Rumpke, a third-generation waste and recycling company in Ohio, Kentucky, Indiana, and West Virginia, bought the Boyd County Sanitary Landfill in November 2018.

“The decision to buy that landfill fits in our business model because we were already hauling residential, commercial, and industrial waste in that tristate region. We could give low-cost disposal to our customers,” says Andrew Rumpke, area president for Rumpke.

“We have 14 landfills and what’s most important to us is to think long term of how our actions affect and benefit the local community. We own and operate Boyd and needed a partner to operate the wellfield and gas collection to efficiently capture emissions. We have experience working with Archaea at several of our landfills,” he says, adding the company was confident the developer could do the job at the 1,600-acre site that receives 1,400 tons of solid waste a day.

Archaea got the gas rights with Rumpke when it acquired the Ashland, KY project from another developer that Stork said was having problems getting the gas quality up to par.

“The main issue was nitrogen removal, a problem that took six months to resolve. We overhauled the system, applying gas separation and nitrogen rejection technologies to remove inert components and convert the landfill gas to RNG with high levels of methane recovery,” Stork says.

Archaea has three landfill development agreements with Rumpke. Besides the Boyd site they include a second one in Kentucky and another in Indiana with the groundbreaking taking place at the Indiana site last November. Rumpke is also building another project at its Noble Landfill in Ohio.

What attracted the developer to Rumpke says Stork is that its landfills are well maintained; they are committed to do “the right thing” on the environmental and compliance side; and they have a vertically integrated strategy (hauling and landfill operations) to bring in waste from the local community.   

“We needed to bring in the right kind of waste in the long term for predictable inputs. We want to sell to buyers under 10- to 20-year agreements and place over 50 percent of our volumes from a given project into those agreements,” Stork says.

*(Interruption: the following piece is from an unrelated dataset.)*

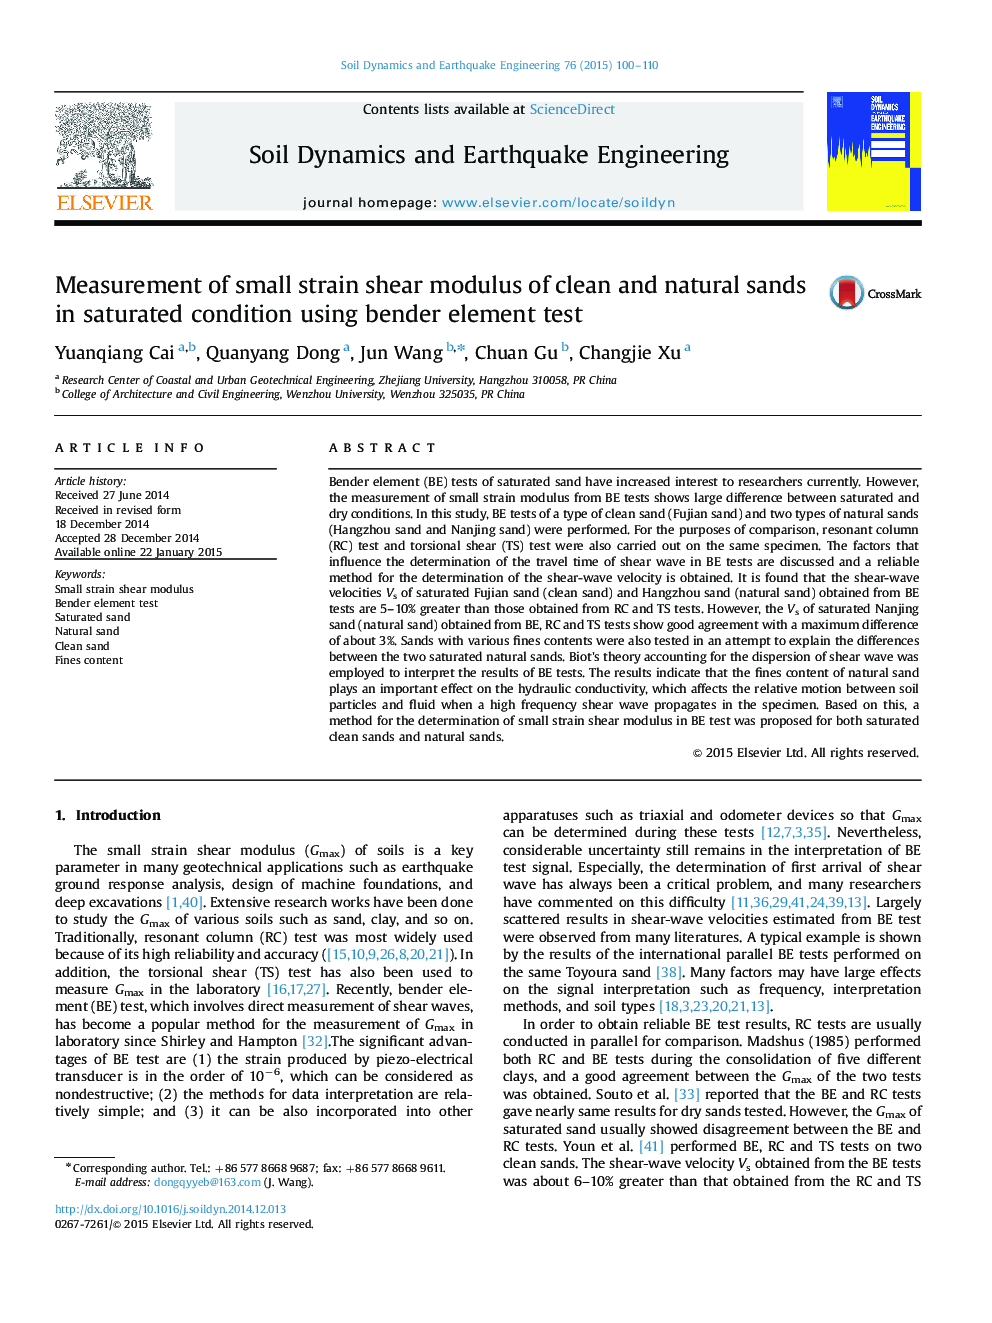 Measurement of small strain shear modulus of clean and natural sands in saturated condition using bender element test

Conversely, the trend in the RNG space is to sell shorter term to transportation fuel markets for credits with variable pricing and subject to local risk.

Speaking of its latest project with Rumpke, Charlie Anderson, Archaea Energy’s cofounder and director of Gas Processing stated, “We turned a very challenging RNG plant into a revenue-producing renewable energy project in a short timeframe. We achieved this by carefully analyzing each step of the landfill gas upgrade process to identify opportunities for the most impactful improvements and then implemented changes to re-commission the plant successfully.”

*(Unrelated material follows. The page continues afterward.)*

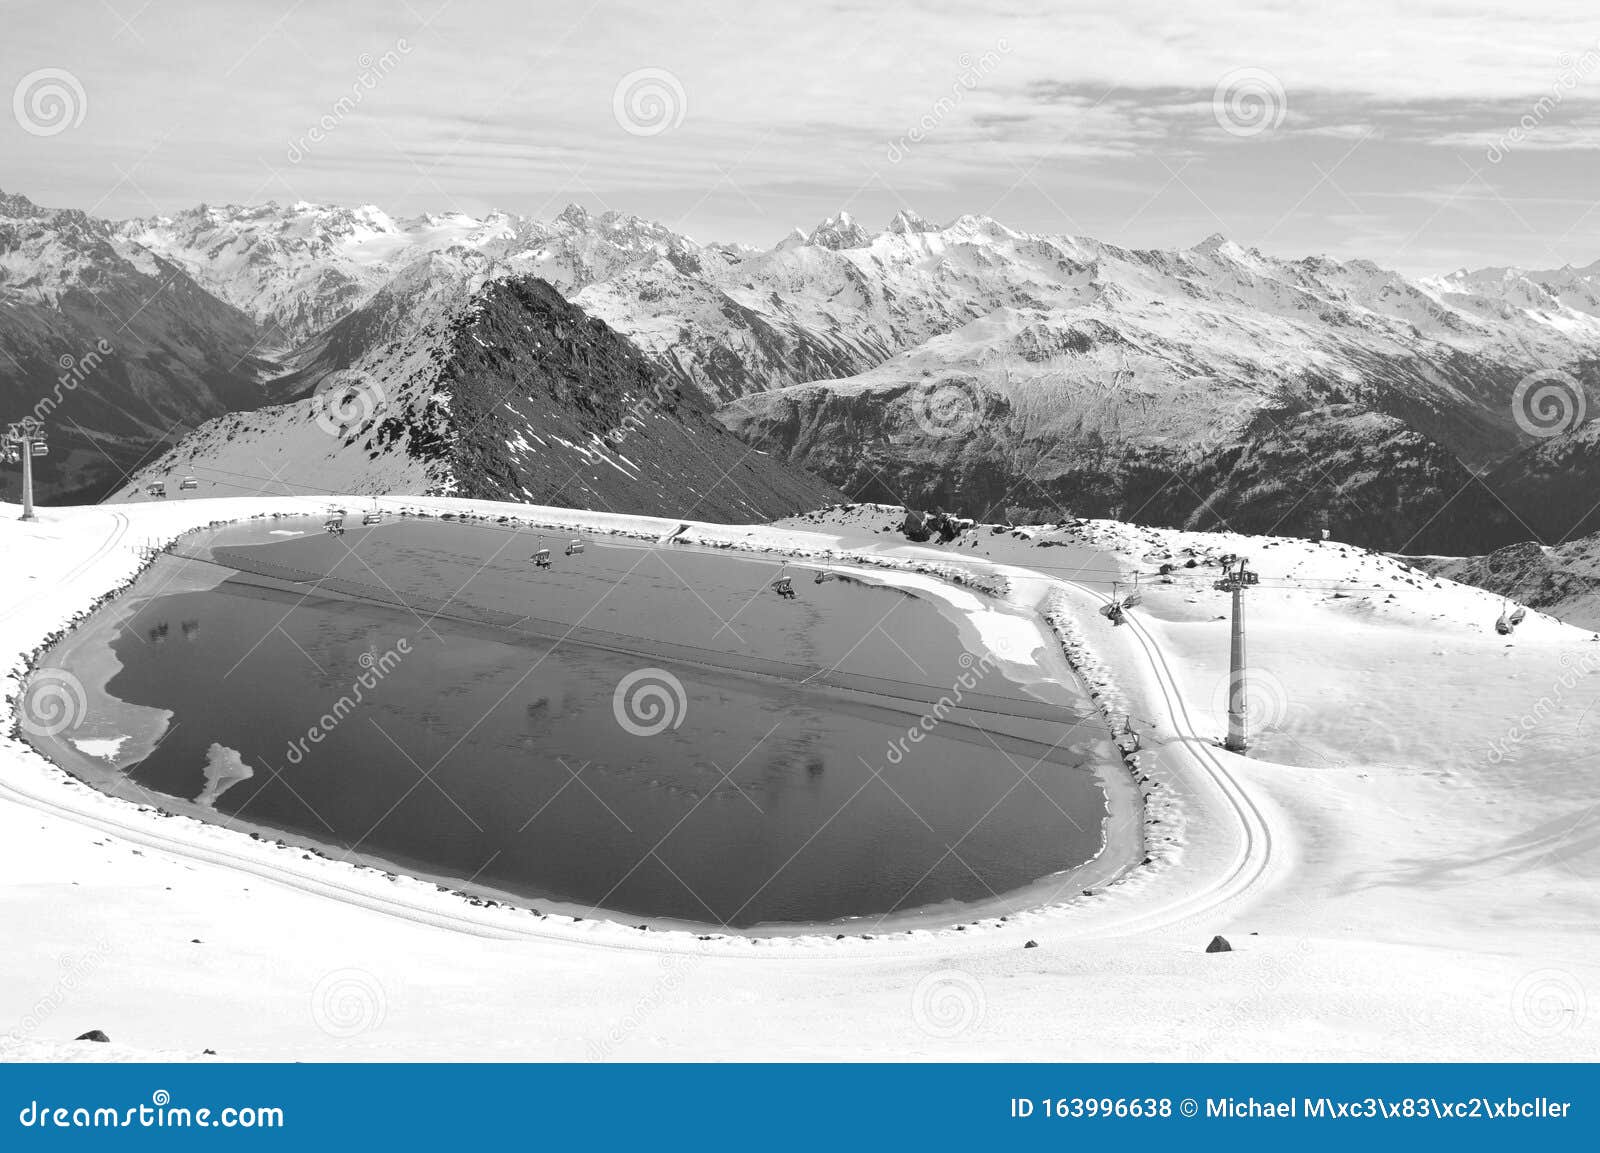 lake for feeding the snow machines in the swiss alps at parsenn in davos

The partners, who have a revenue share agreement that they would not  disclose the details of, say they are both  incentivized to collect as much gas as possible.

The Boyd landfill project, consistent with similar ones, will help reduce over 25,000 metric tons of CO2 equivalent a year. And it will help cut air pollution across every major category by about 90%, according to Stork, which is based on Archaea’s data on gas quality and volume and on Rumpke’s emissions reporting.

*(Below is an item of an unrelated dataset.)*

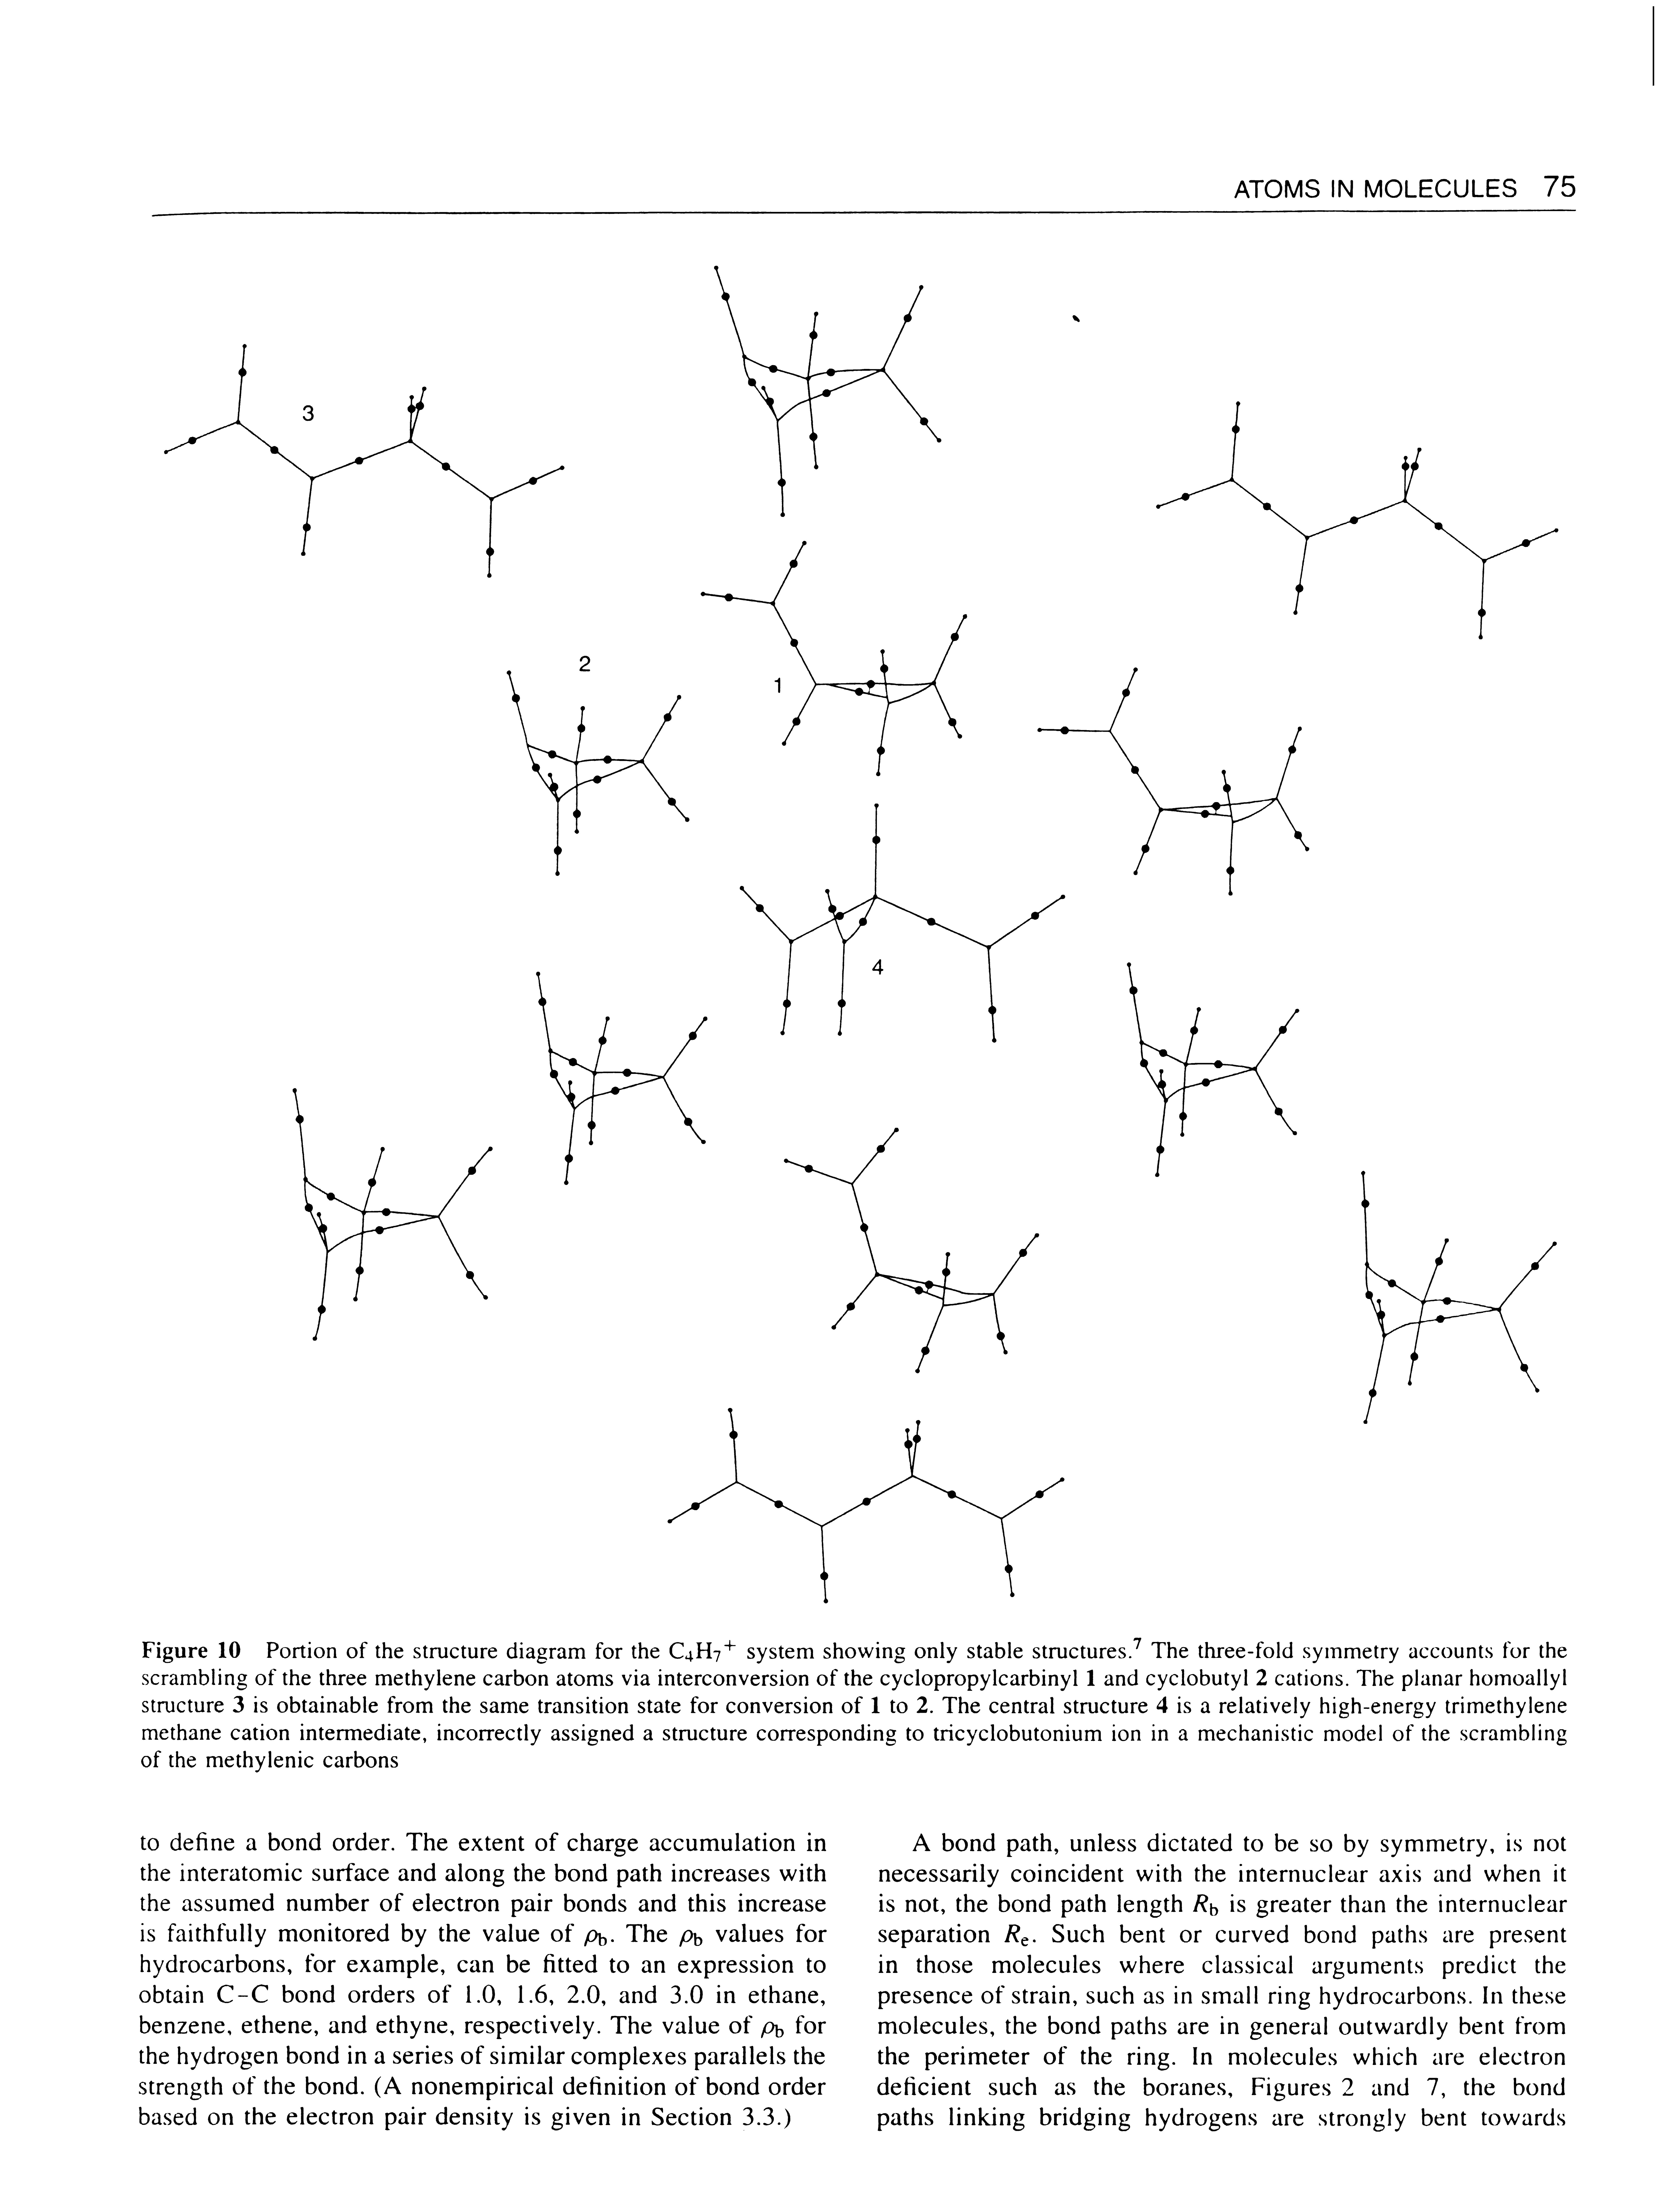 Figure 10 Portion of the structure diagram for the C4H7 system showing only stable structures. The three-fold symmetry accounts for the scrambling of the three methylene carbon atoms via interconversion of the cyclopropylcarbinyl 1 and cyclobutyl 2 cations. The planar homoallyl structure 3 is obtainable from the same transition state for conversion of 1 to 2. The central structure 4 is a relatively high-energy trimethylene methane cation intermediate, incorrectly assigned a structure corresponding to tricyclobutonium ion in a mechanistic model of the scrambling of the methylenic carbons...

“Our goal is to be a great operator in our community. It’s important to continue improving wellfields and gas plants … We have other landfills and in the near future we will need wellfields expanded. We will explore the option of adding RNG projects at those other sites,” Rumpke says.

Currently Archaea sells to the University of California and large natural gas utilities, including Énergir and FortisBC, both in Canada. The plan is to continue targeting large institutions that currently use brown natural gas and want to keep existing infrastructure but bring in renewable gas.

Archaea will become the largest publicly traded RNG platform in the U.S. and globally before the end of 2021, valued at $1 billion, according to the company.